_Supplied information_:
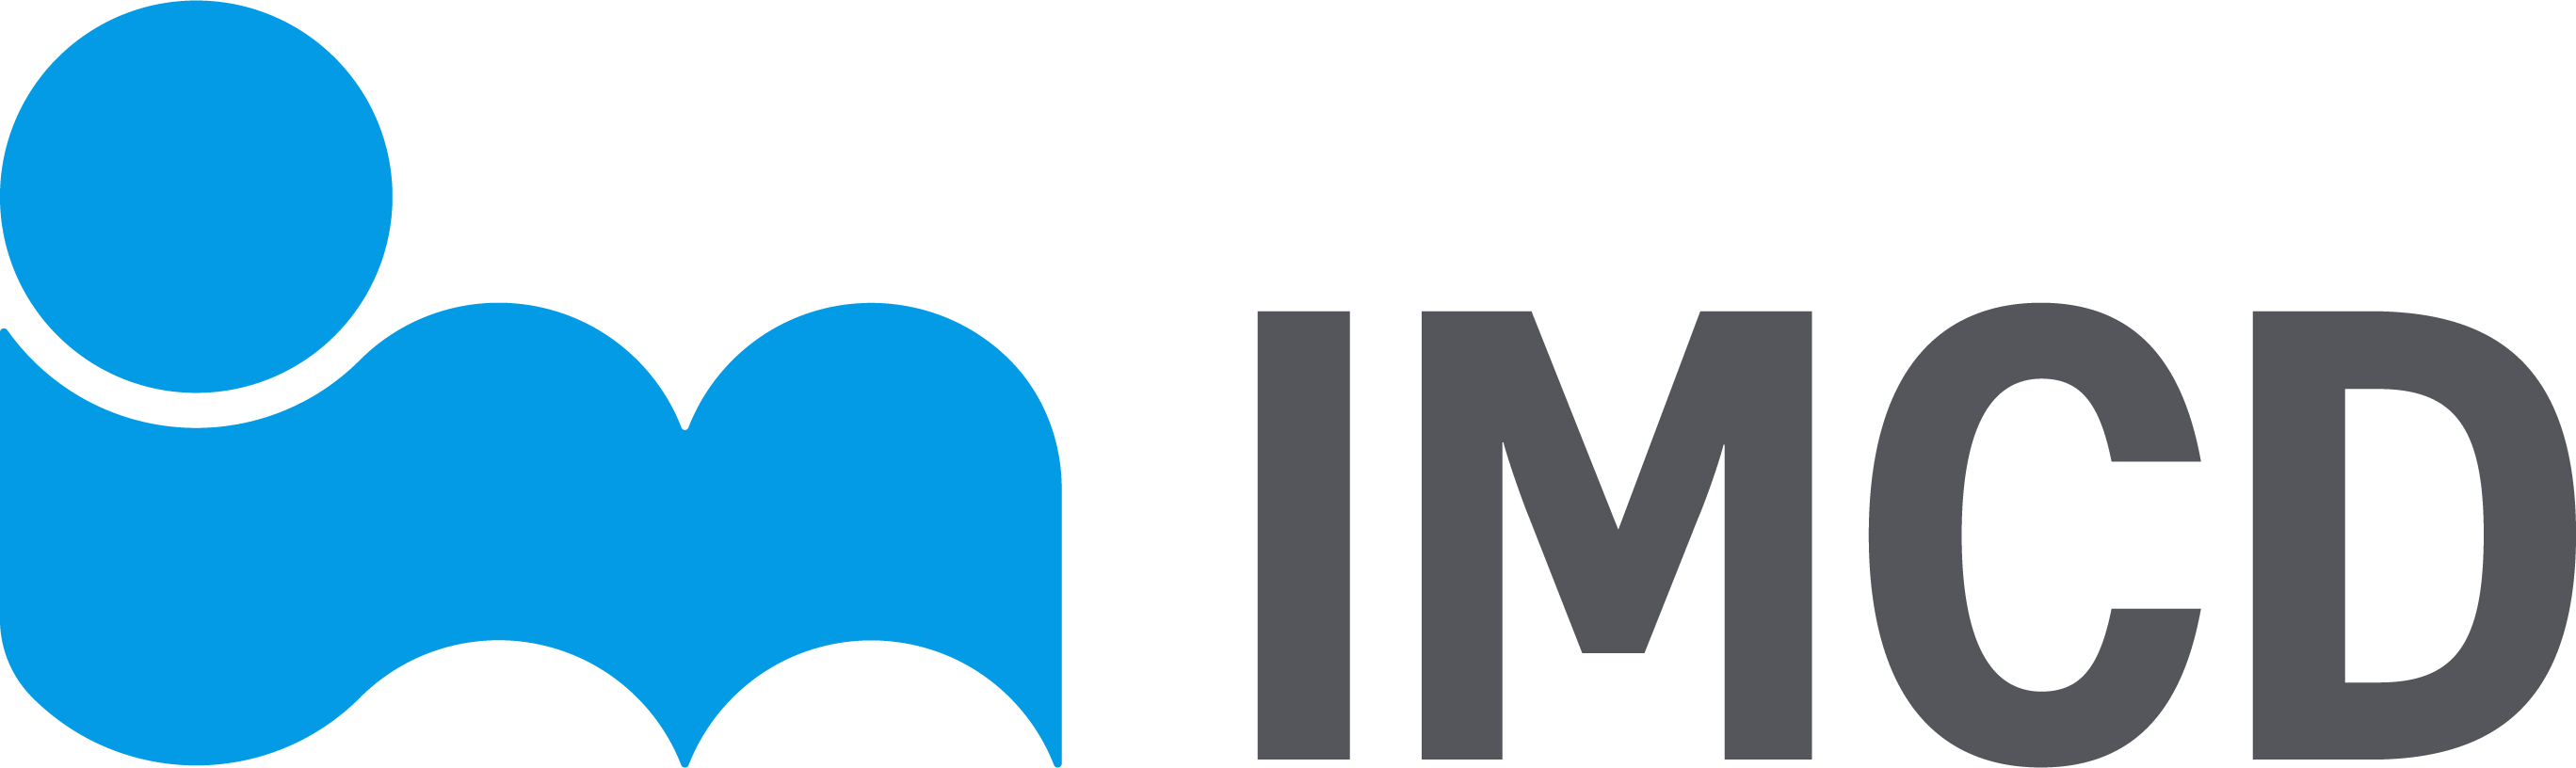 IMCD Brand Logo
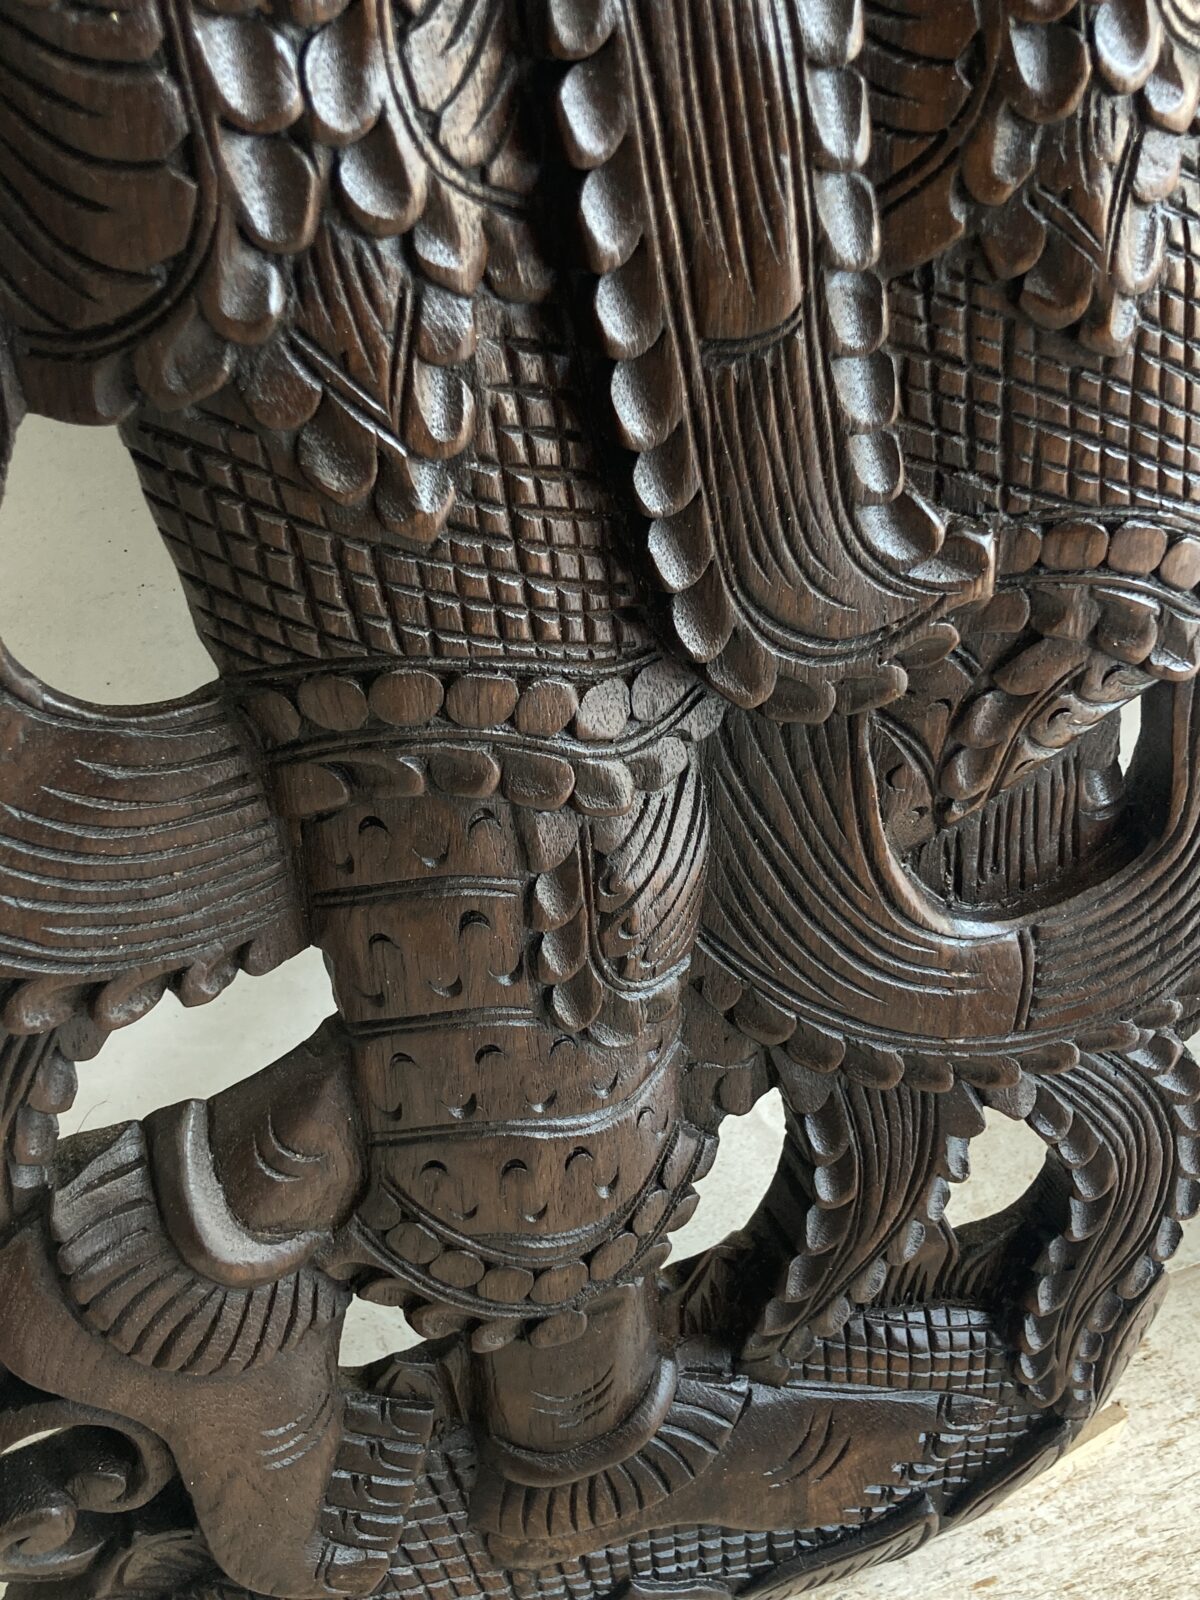 Thai wood carving in teak
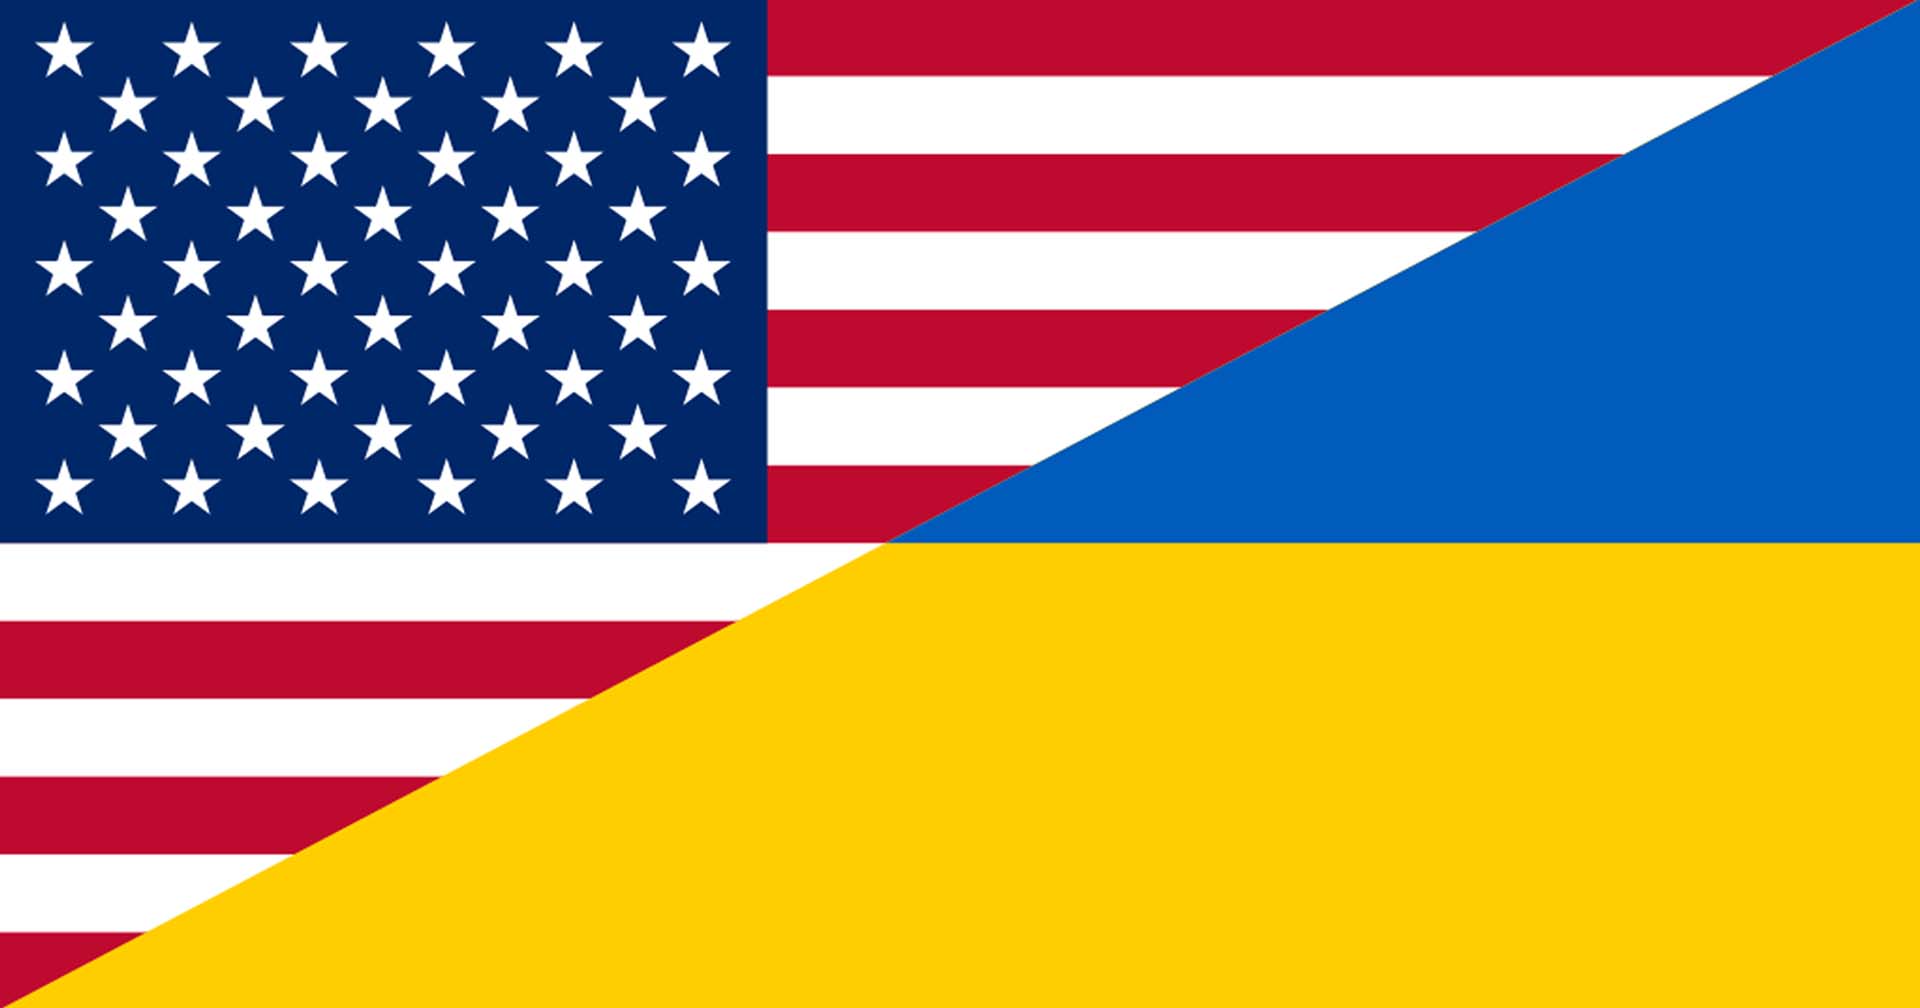 ผู้นำยูเครน-สหรัฐฯ ต่อสายหารือประเด็นความมั่นคง

_Work order_: With the pictures excluded, the line containing "Thai wood carving in teak" and every line after it through the end of the data above are to be transcribed exactly, and nothing more.

_Exercise result_:
 Thai wood carving in teak
 ผู้นำยูเครน-สหรัฐฯ ต่อสายหารือประเด็นความมั่นคง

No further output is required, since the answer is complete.